Key fields to inspect:

nameserver for the cluster DNS Service IP,
search list for namespace and cluster suffixes,
options ndots:5 or other resolver options,
custom dnsPolicy and dnsConfig on the Pod.

High ndots plus search suffixes can turn one external lookup into several cluster-local attempts before the absolute query.

CoreDNS Corefile

CoreDNS behavior is configured through the coredns ConfigMap. The kubernetes plugin answers Service and endpoint names. The forward plugin sends non-cluster queries upstream. Other plugins commonly add caching, loop detection, health endpoints, readiness, metrics, reload behavior, and error logging.

Operational risks:

forwarding loops from node stub resolvers,
missing RBAC for Services, EndpointSlices, namespaces, or Pods,
CoreDNS Pods not ready or overloaded,
NetworkPolicy blocking UDP or TCP 53,
upstream resolver timeouts,
cache hiding recently changed answers.

CoreDNS plugin chain example:

flowchart LR
  Query[Pod DNS query] --> Errors[errors]
  Errors --> Health[health / ready]
  Health --> Kubernetes[kubernetes plugin for cluster.local]
  Kubernetes --> Cache[cache]
  Cache --> Forward[forward external names upstream]
  Forward --> Loop[loop detection]
  Loop --> Metrics[prometheus metrics]

Plugin order matters. The kubernetes plugin should answer cluster names before external forwarding. The cache plugin reduces API and upstream load, but it can also make recent changes appear delayed. The loop plugin protects against forwarding loops, such as forwarding to a node stub that points back at CoreDNS.

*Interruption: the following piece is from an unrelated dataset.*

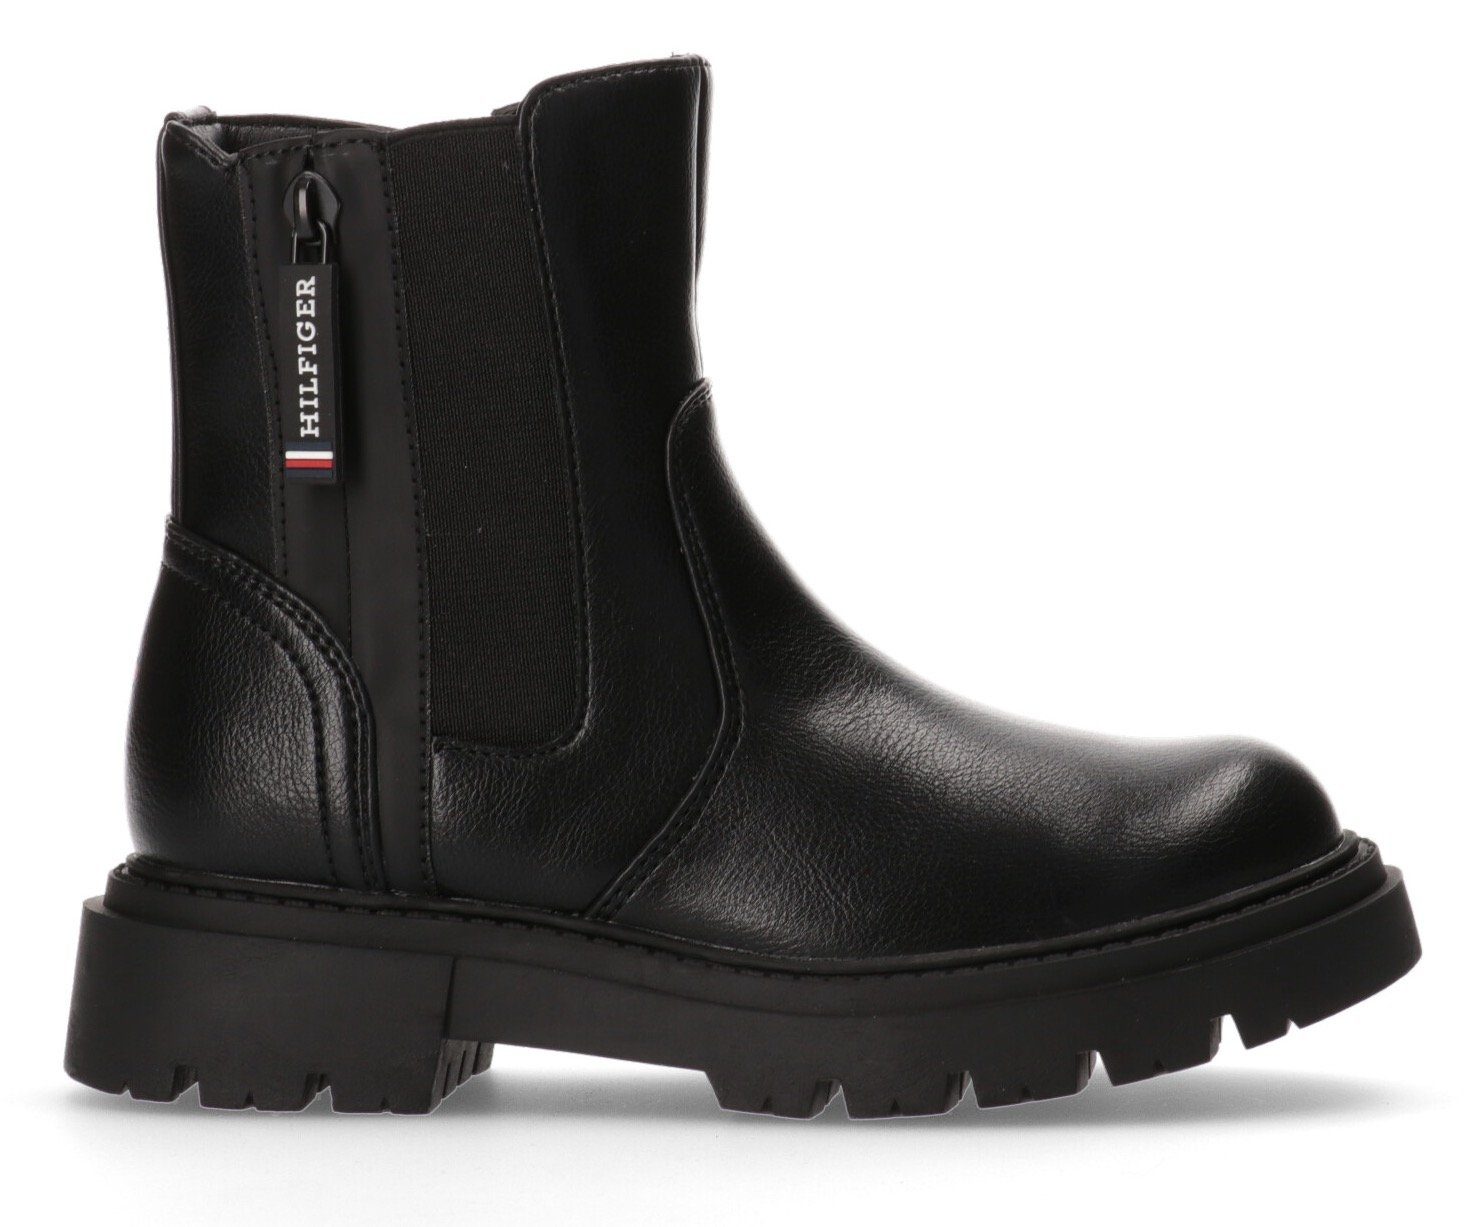 Tommy Hilfiger CHELSEA BOOT Chelseaboots modischer Plateausohle mit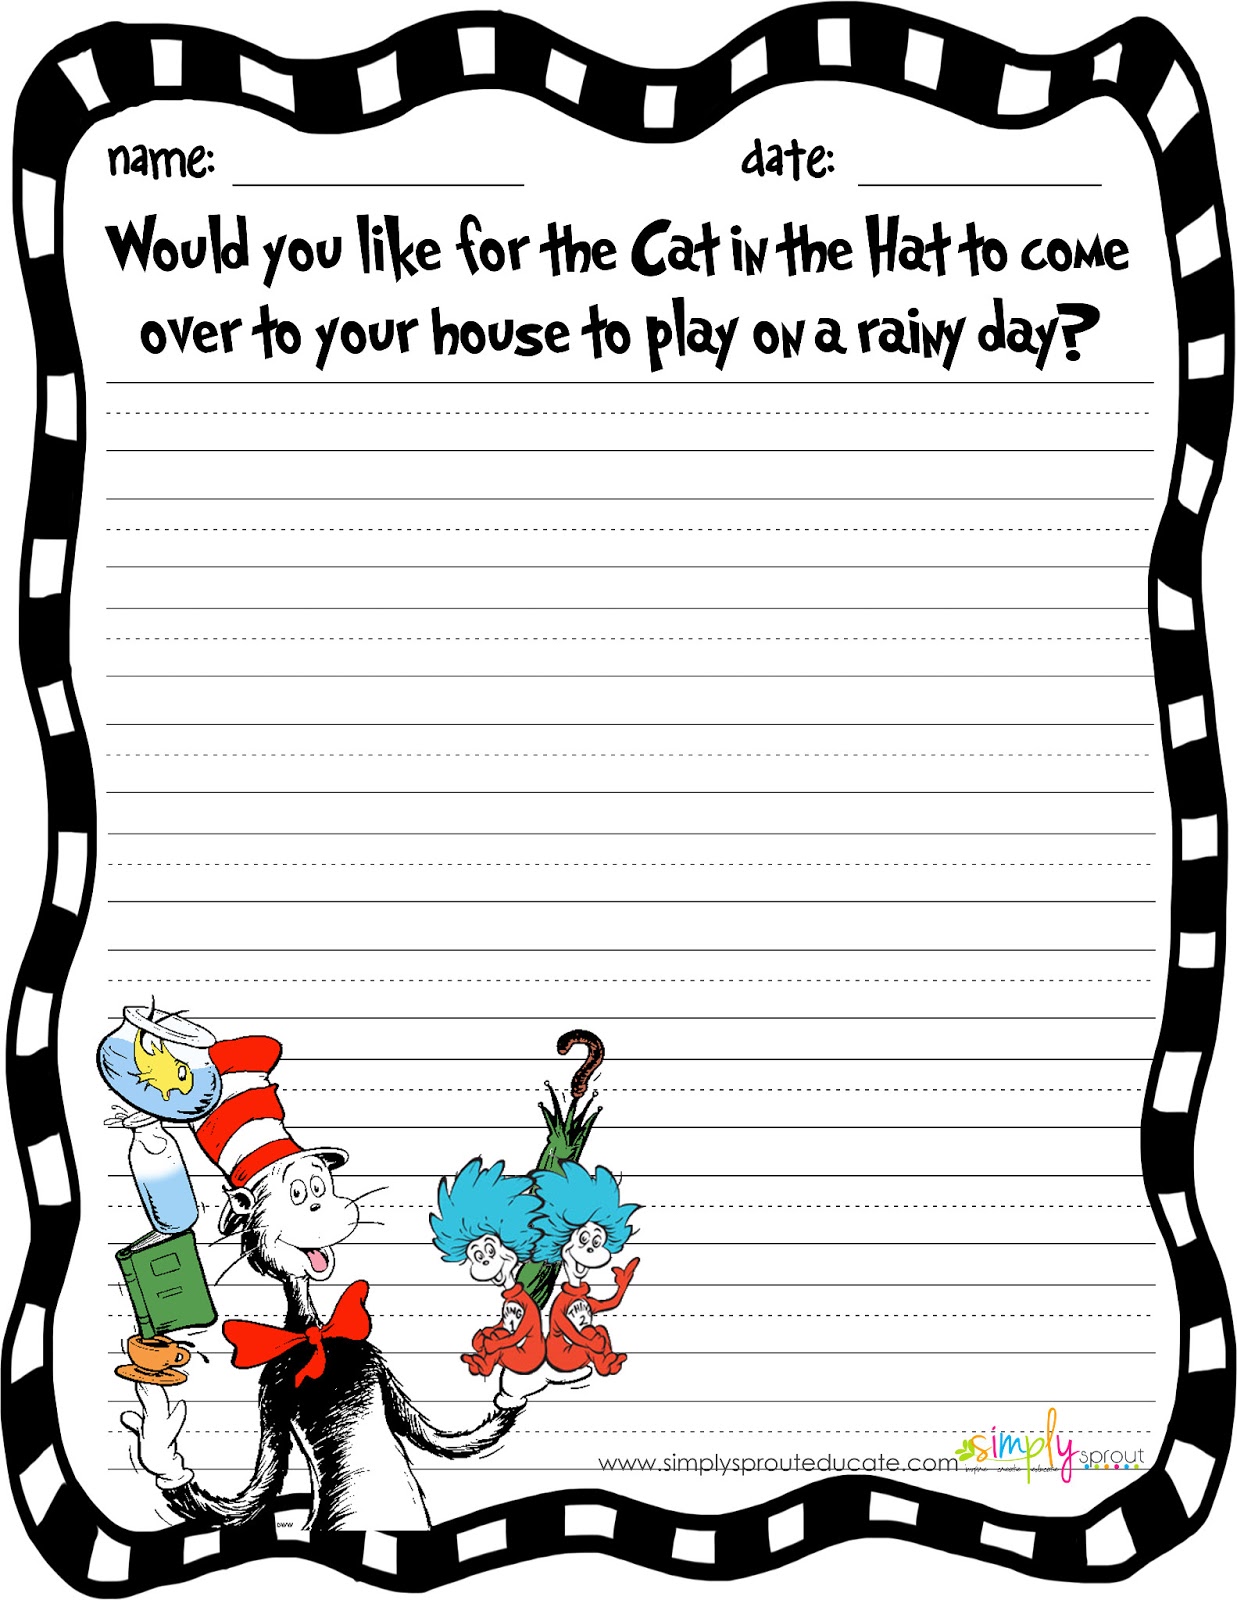 Celebrate Reading with The Cat in the Hat Simply Sprout

CoreDNS Performance and Capacity

CoreDNS is a shared dependency. DNS query spikes can come from ndots, chatty clients, short TTLs, JVM or Go resolver behavior, broken retry loops, or external upstream slowness.

Signal	Meaning	Action
High CoreDNS CPU	Query volume, expensive plugins, logging, or upstream retries.	Check `coredns_dns_request_count_total`, top query names, and `ndots`.
Rising SERVFAIL	API watch/RBAC failure, upstream failure, DNSSEC issue, or loop.	Split cluster names from external names and inspect logs.
Long forward latency	Upstream resolver or network path is slow.	Compare multiple upstreams and check NAT/firewall paths.
Uneven node symptoms	NodeLocal DNSCache, CNI, or node-local firewall issue.	Test from Pods on multiple nodes.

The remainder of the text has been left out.